### INPUT
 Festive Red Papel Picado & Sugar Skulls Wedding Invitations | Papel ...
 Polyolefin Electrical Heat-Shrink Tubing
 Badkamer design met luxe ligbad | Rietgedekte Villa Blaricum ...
==
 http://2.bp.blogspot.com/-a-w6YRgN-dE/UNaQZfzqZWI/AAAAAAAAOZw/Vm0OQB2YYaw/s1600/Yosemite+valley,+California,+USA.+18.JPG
---
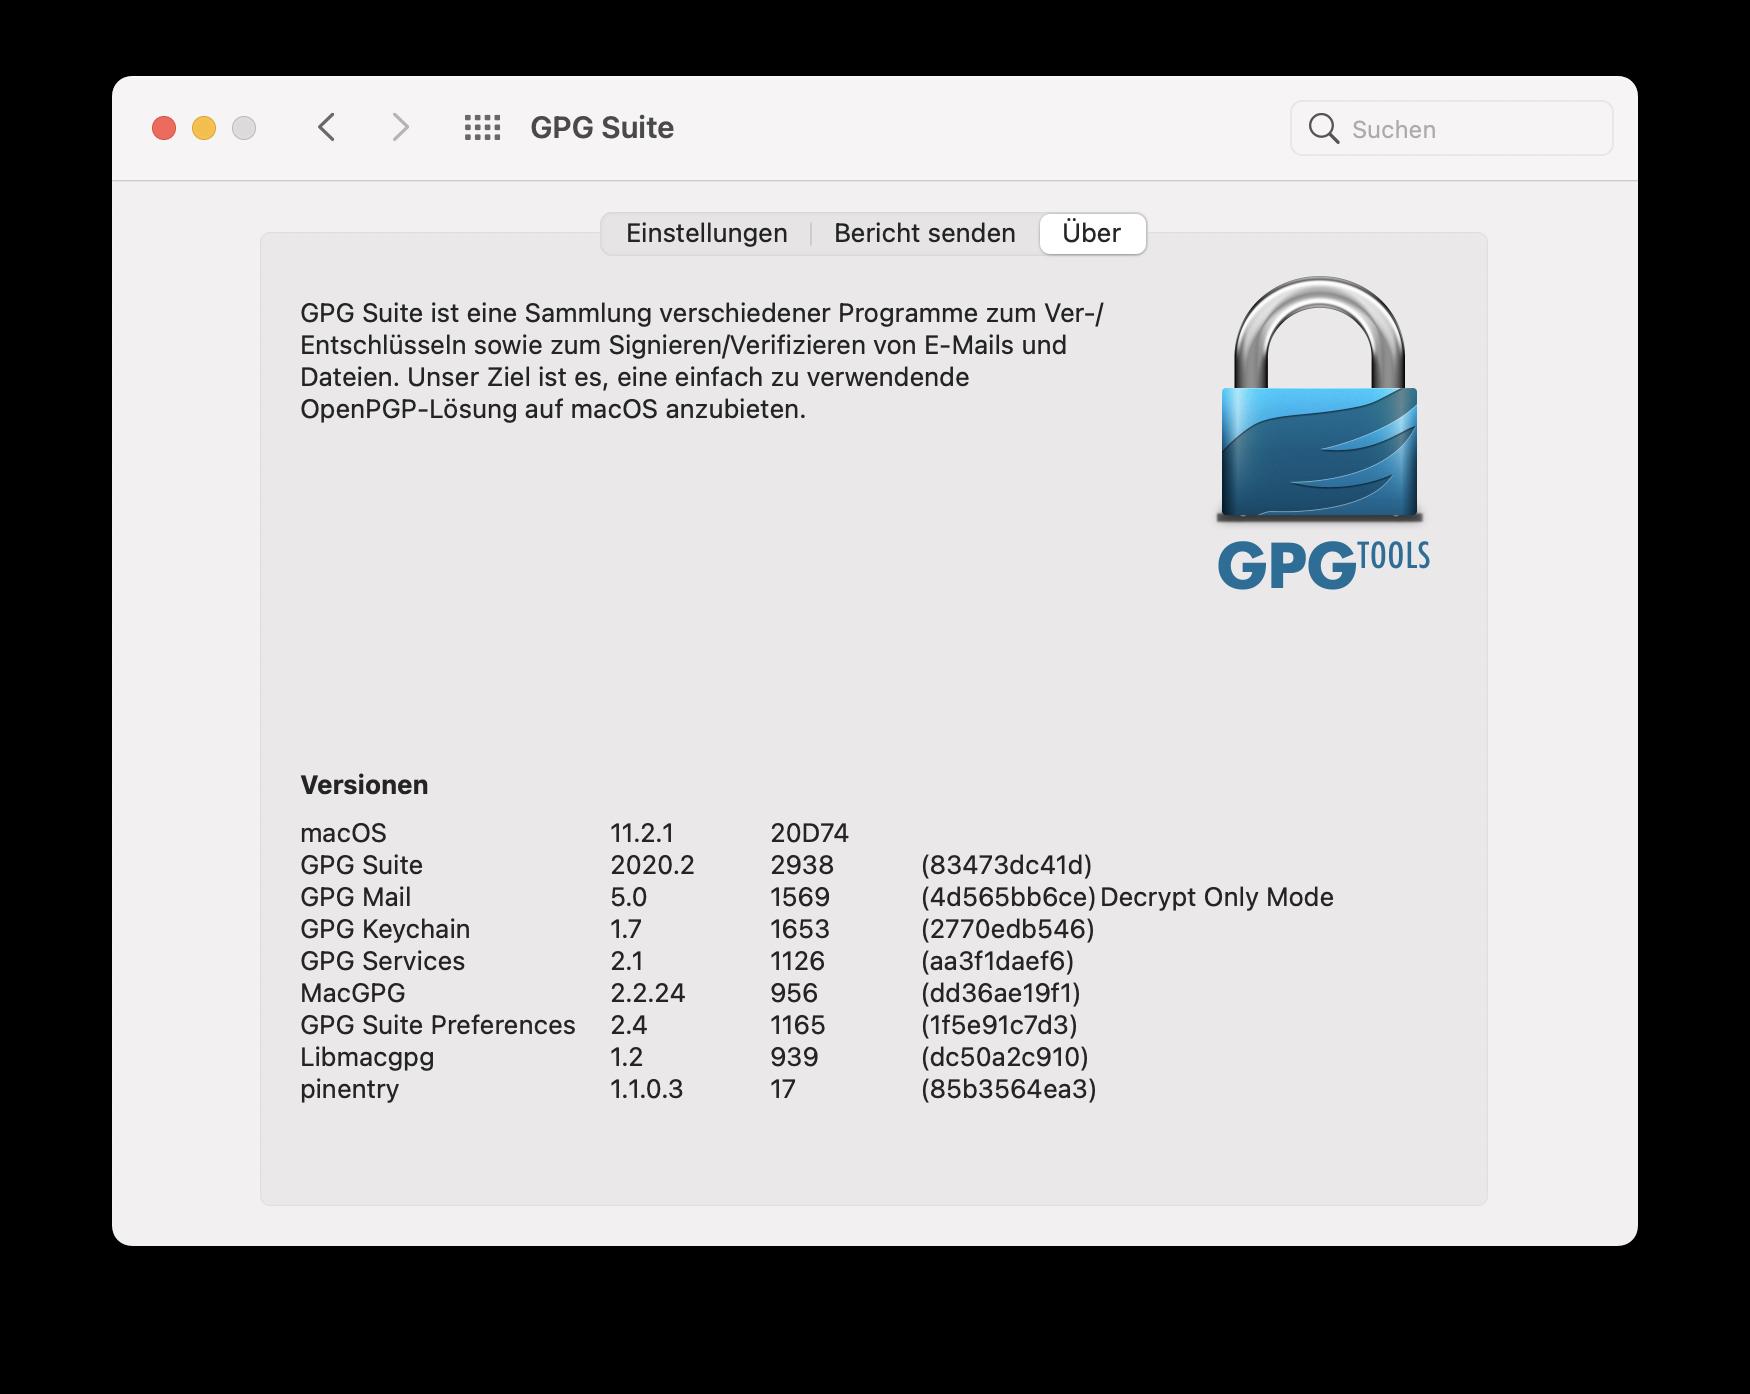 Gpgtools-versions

### WORK TO COMPLETE
Taking the line with "Festive Red Papel" as the first and the line with "Badkamer design met" as the last, retype that stretch of the data above exactly, with no other lines.

### OUTPUT FOR THIS EXERCISE
 Festive Red Papel Picado & Sugar Skulls Wedding Invitations | Papel ...
 Polyolefin Electrical Heat-Shrink Tubing
 Badkamer design met luxe ligbad | Rietgedekte Villa Blaricum ...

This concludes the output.